If all of your friends have boyfriends and you are scared to be alone then I have an important announcement for you: Your friends do not care if you are single or not. They only care that you stick around and sometimes go on outings with them. No one is going to consider you a leper because you have lost your ball and chain. If you are happy then they should be happy for you too. It will be gross being surrounded by love while you are throwing your “pity me” parties but at the end of the day we don’t all get to go through the same stages of life together. When you eventually find the love of your life, they may be married and trying to rekindle that old flame, they may even be alone where you once were and need the loving support of their friend who went through the same thing.

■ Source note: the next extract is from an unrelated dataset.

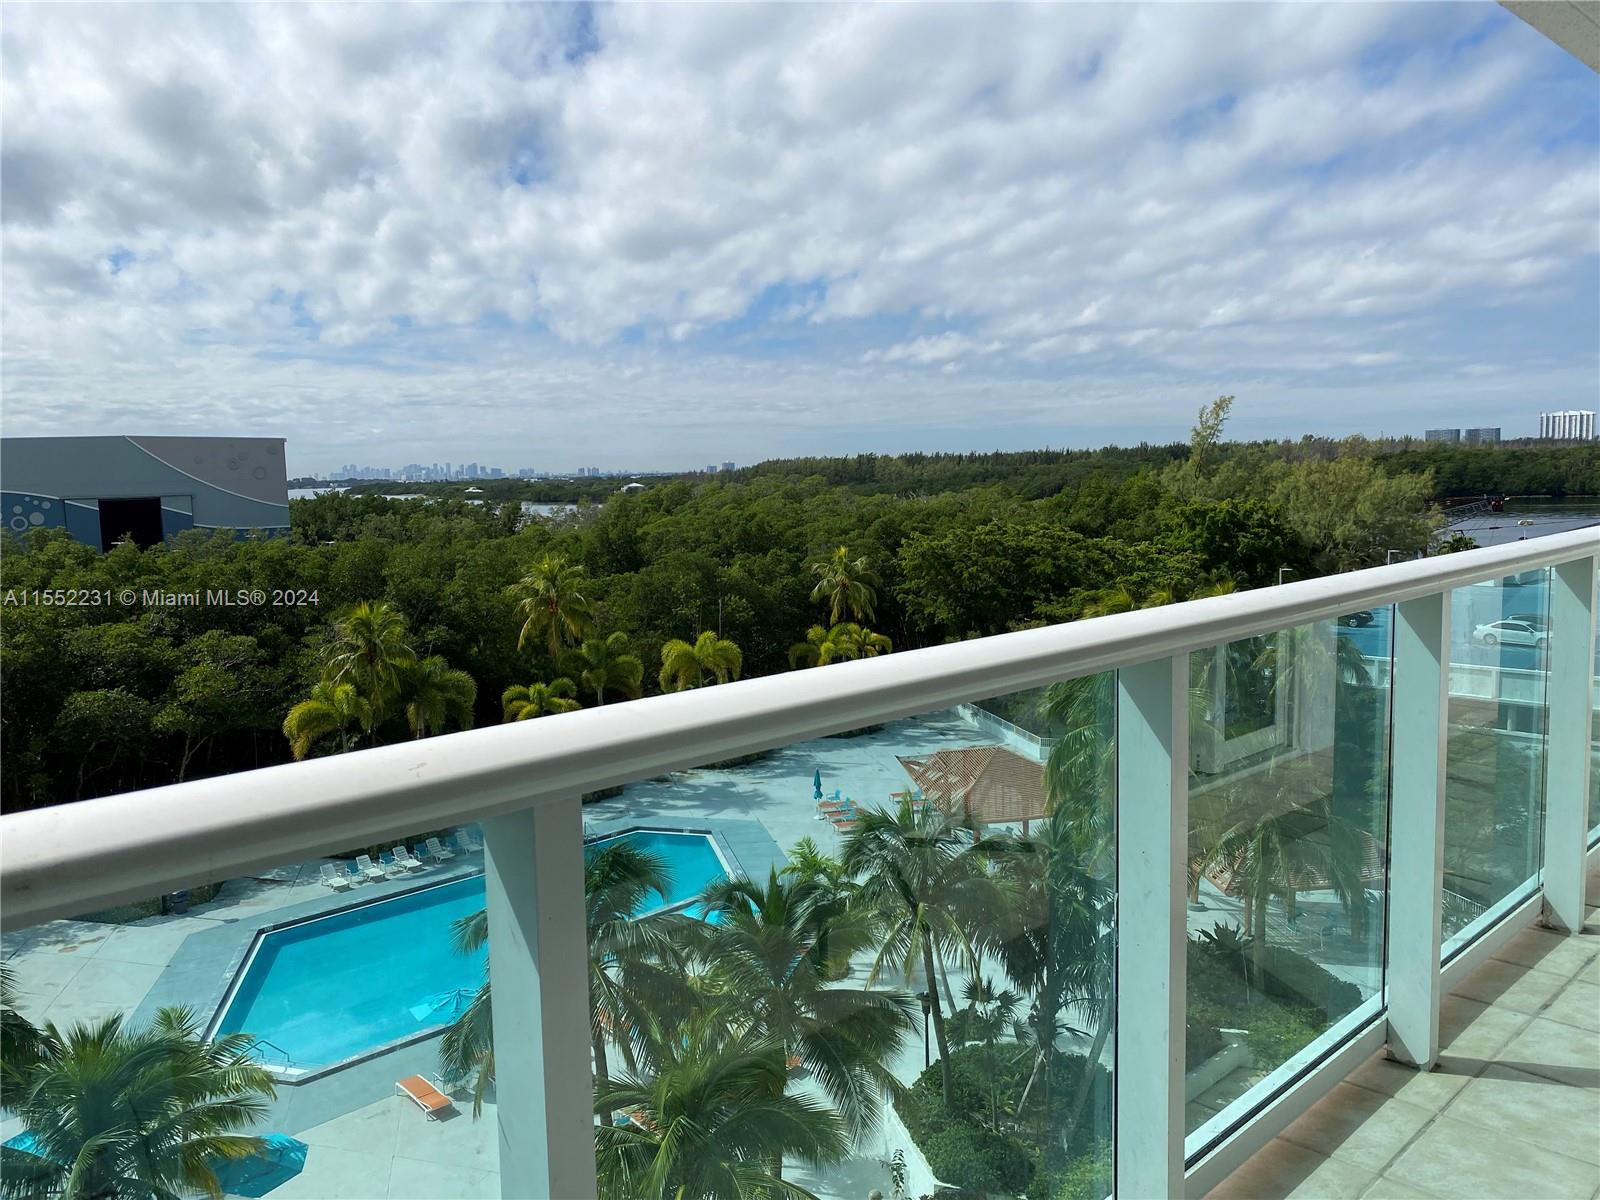 Rental Property at 100 Bayview Dr 622, Sunny Isles Beach, Miami-Dade County, Florida - Bedrooms: 2 
Bathrooms: 2  - $2,980 MO.

If you are scared because of financial implications, this is not a tough one, start making arrangements! Start finding that cheaper condo, start taking the bus or the train to save on fuel; you can buy fewer shoes so that you can afford your own furniture. You always have a way out, even if that way out is a less glamorous out than the life you are used to, it is still a way out so seize it! Some people have parents who will bail them out, some people have siblings who will bail them out and some people even have friends who will bail them out. If you are not a completely despicable person, there will always be someone willing to help you. If you happen to be a completely despicable person and no one will help you, there is this beautiful thing that comes with being an adult, it is called responsibility. You are responsible for your own life and you can take control and bail yourself out.

If you are staying in a relationship because you think that your partner cannot live without you; that is just insulting. Let them be alone, they might just surprise you. I know how hard it is to accept that maybe they will move on without you but this is the nature of the world. It moves on. It keeps spinning. We don’t all drop dead when a relationship ends.

I am the expert when it comes to staying in a relationship long past its due date and I can tell you right now: it never ended with me on top of the world. I stayed and got cheated on. I stayed and got heartbroken; even though I was so relieved it was finally over. I stayed even though I knew it was done, and then I got blindsided by him not wanting to stay anymore. If there is even an inkling of a feeling that it is not working in your favour anymore, then get the hell out. The only good thing that ever comes from something getting worse first before it got better is probably alcohol, antibiotics and cheese. Nothing else, ever! One day you are going to look back on your five year long relationship and say to yourself, “At two years I already knew this was a waste of my time, so why did I waste even more of my life?” and then you know what will happen? Your proverbial inner being will hang its head in shame and move on. Just like it would have three years before it will move on.

Yes being rejected is sad. Knowing that you failed at something is shameful. Being the lonely one again is an awful thought. But be brave! The best thing about a breakup is that it does not kill you, it teaches you what you never want to experience again. It teaches you what you will never do to another human being again. It teaches you how to hang onto certain things and let the less important things go. You are holding onto a bar that is being pulled away from you, the eventuality is that you are going to lose your grip and go flying. Retain your dignity, plant your feet firmly on the ground and let go. Just let go.